I won't go into details but watching poo being mixed in a blender is not for the squeamish. Optimising the function of your gut bacteria might boost your chances of a long life, but Giles declined the poo transplant as a step too far.

Instead, he headed out to California for a convention of Paleo Diet aficionados, who eat only what Stone Age hunter-gatherers ate - primarily animal fats - and whose leader is the self-styled ''fat-burning beast'' Mark Sisson. Muscular and self-admiring, Sisson spoke with evangelical fervour about the diet's health benefits, and looked fit on the outside, but Giles's GP warned that he could be fat on the inside, with high levels of cholesterol clogging his veins, and might drop dead at any time.

Even more extreme was a slightly scary hillbilly type in Kentucky called Derek, who eats only what he kills, and always raw. In his back yard he slit the throat of a sheep and sipped some of its blood before carving it up. He later hosted a lunch of raw, diced sheep's organs, which Giles gamely sampled whilst Derek's bemused girlfriend and father stuck firmly with their green salad.

Finally, Giles travelled to Arizona to meet one of the world's oldest people, 113-year-old Bernando LaPallo, to discover the secret of his longevity. In an echo of James Hilton's classic novel, Lost Horizon, the Brazilian-born American put his exceptionally lengthy life down to a philosophy of moderation. He doesn't eat too much, just a little fish, fruit and veg. He walks a mile each day and has never smoked or drunk alcohol.

Giles has resolved to follow this sage's example, but is prepared to sacrifice a decade or two in return for a few beers a week and the occasional burger. Instead of 113, he'll settle for 93, like his great-grandpa.
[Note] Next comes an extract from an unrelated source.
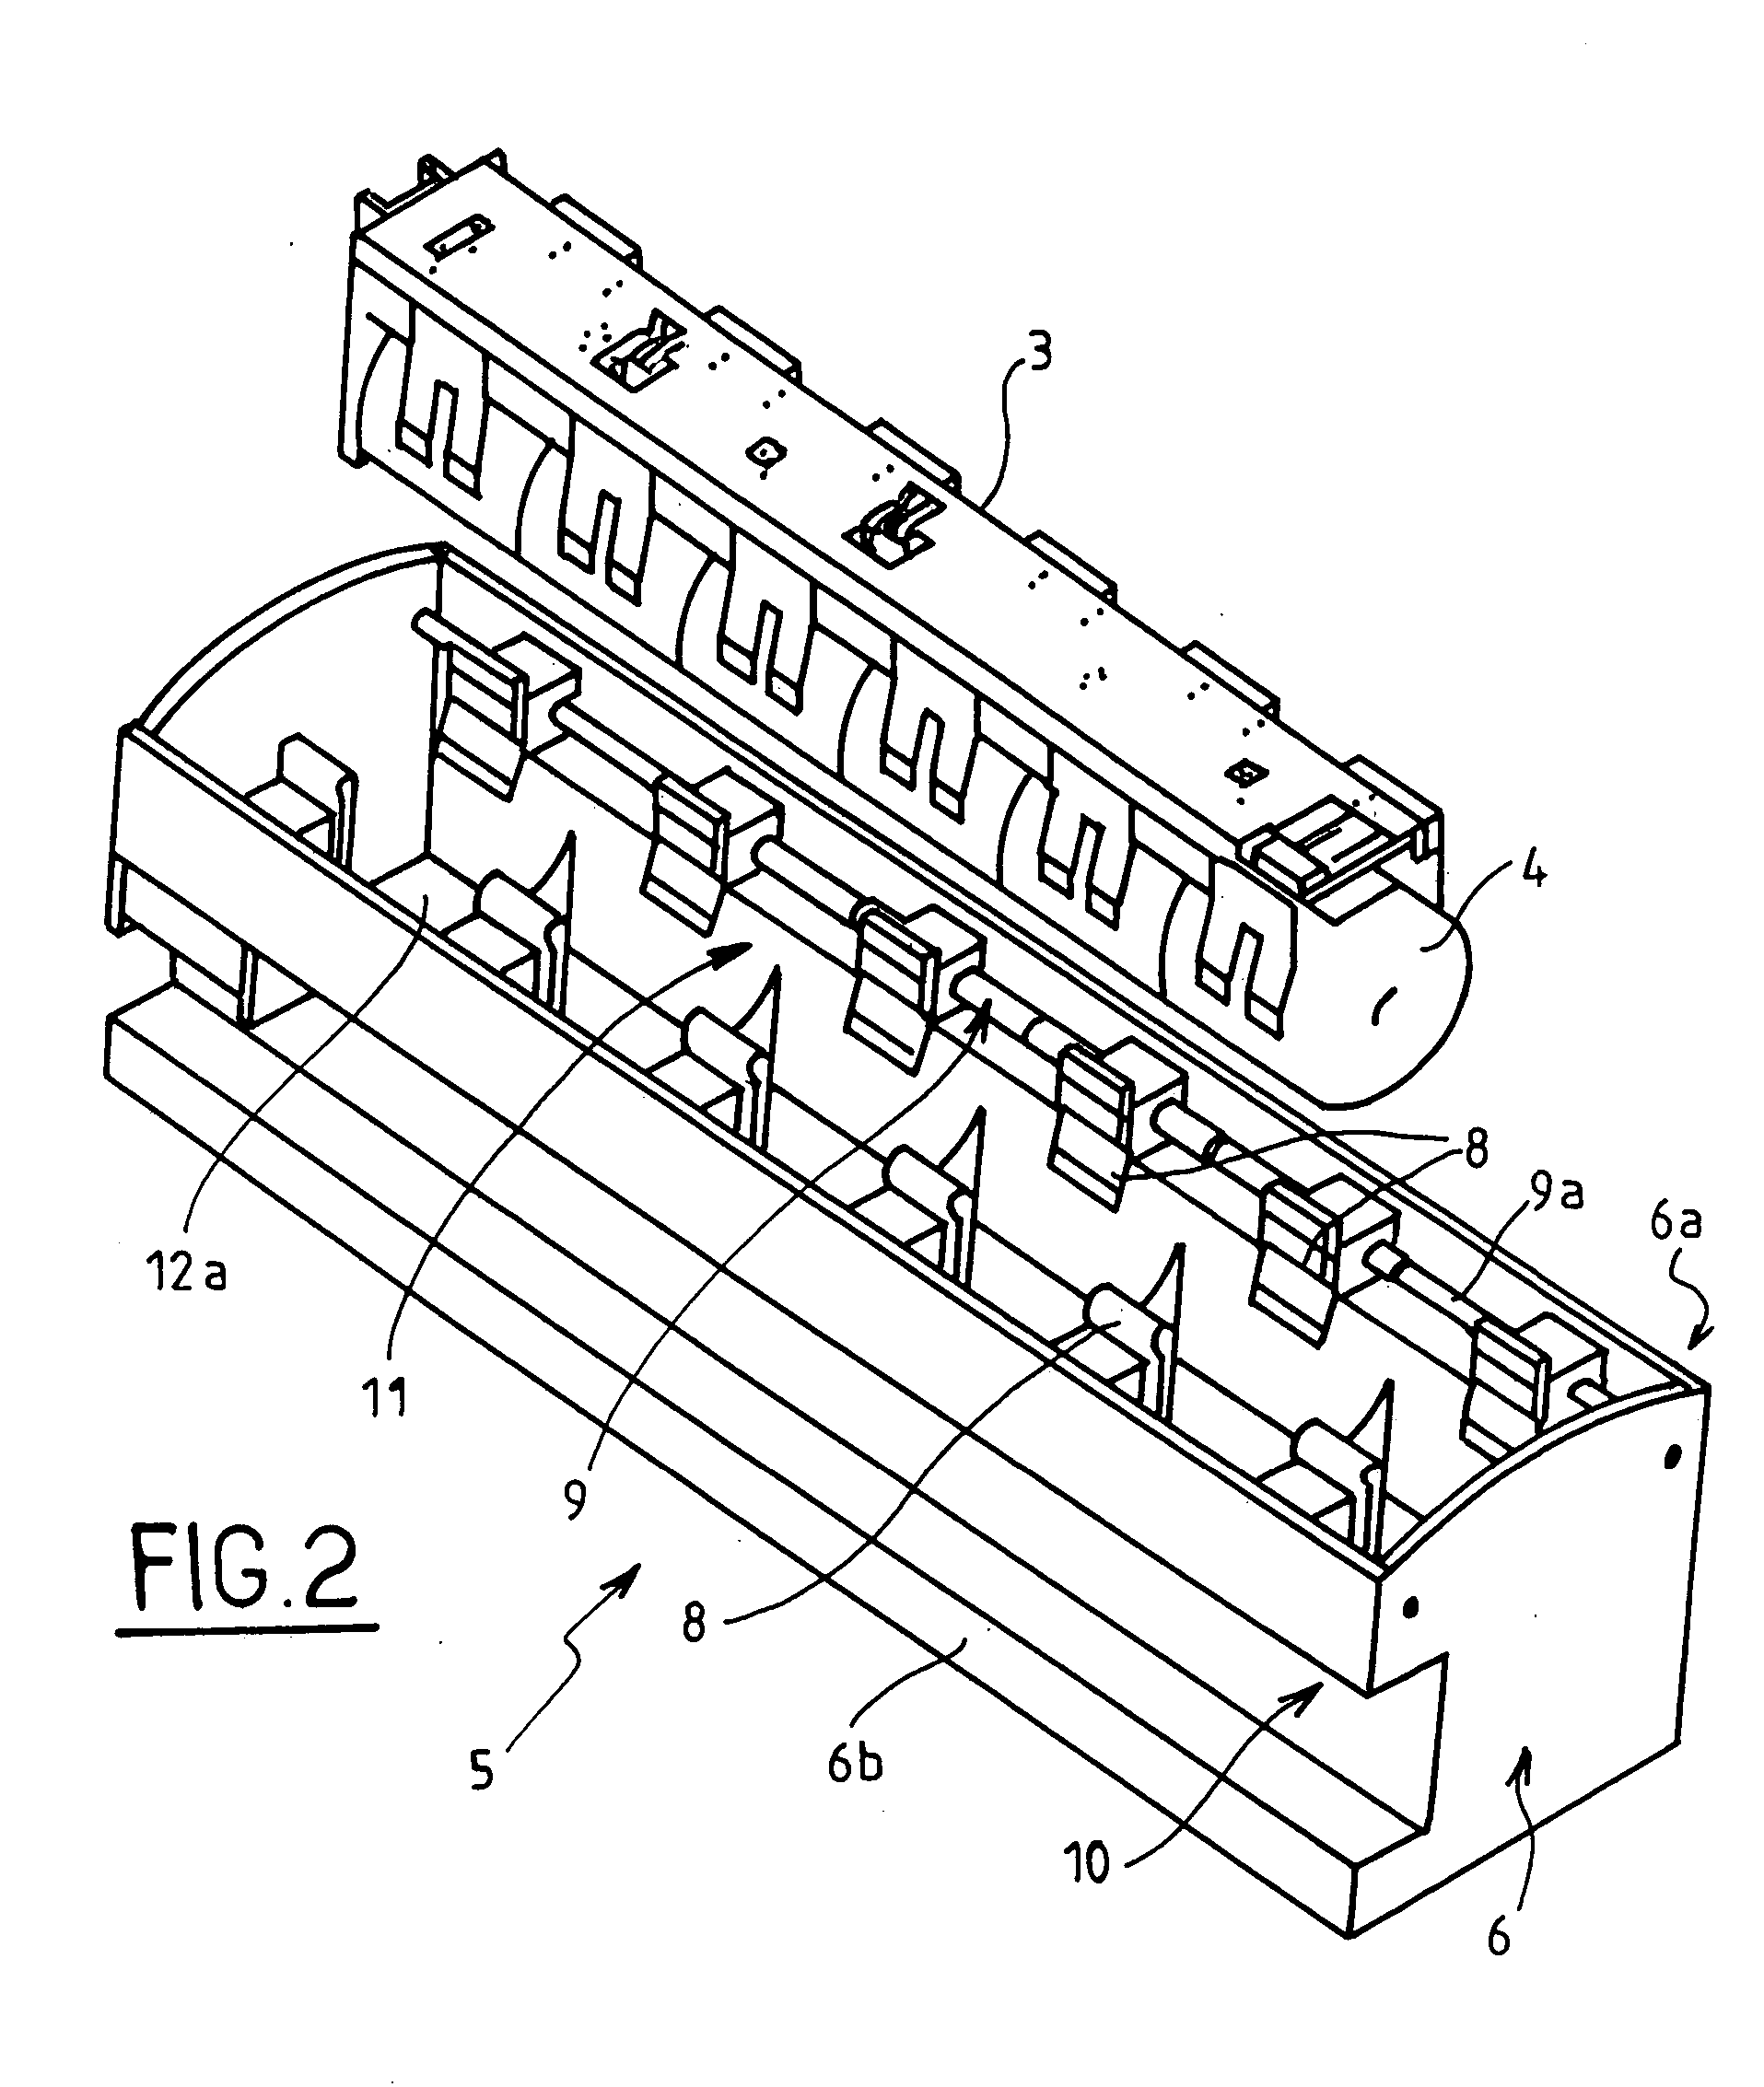 Device to separate propellant charge modules

But how can he square such modest consumption with his role as a restaurant critic, who is required to indulge in endless, rich, fancy meals? He tells me it's not a problem, as he has always had self-control over his eating and drinking, unlike some of his "fat, gluttonous" counterparts. "The notion of getting pleasure from food has gone too far; we can also get pleasure from anticipating a meal, and from not being quite sated." He adds, rather moralistically: "Instant gratification is bringing this planet to its knees."

Oh, and Giles takes a dim view of the "stodgy" Jewish diet. "Just look at all the middle-aged Jewish men waddling down Stamford Hill," he says. "It was fine for my Polish Ashkenazi forebears to live on dumplings and potatoes, because they laboured in the fields. But that diet is unsuitable for an urban lifestyle.'' He certainly approves of the light, Mediterranean-style Sephardi diet, with its healthy flatbread wraps, "but challah - it's just sugar!"

And as for blintzes, bagels and latkes, well, it's safe to say you won't find him scoffing those any time soon on the Golders Green Road.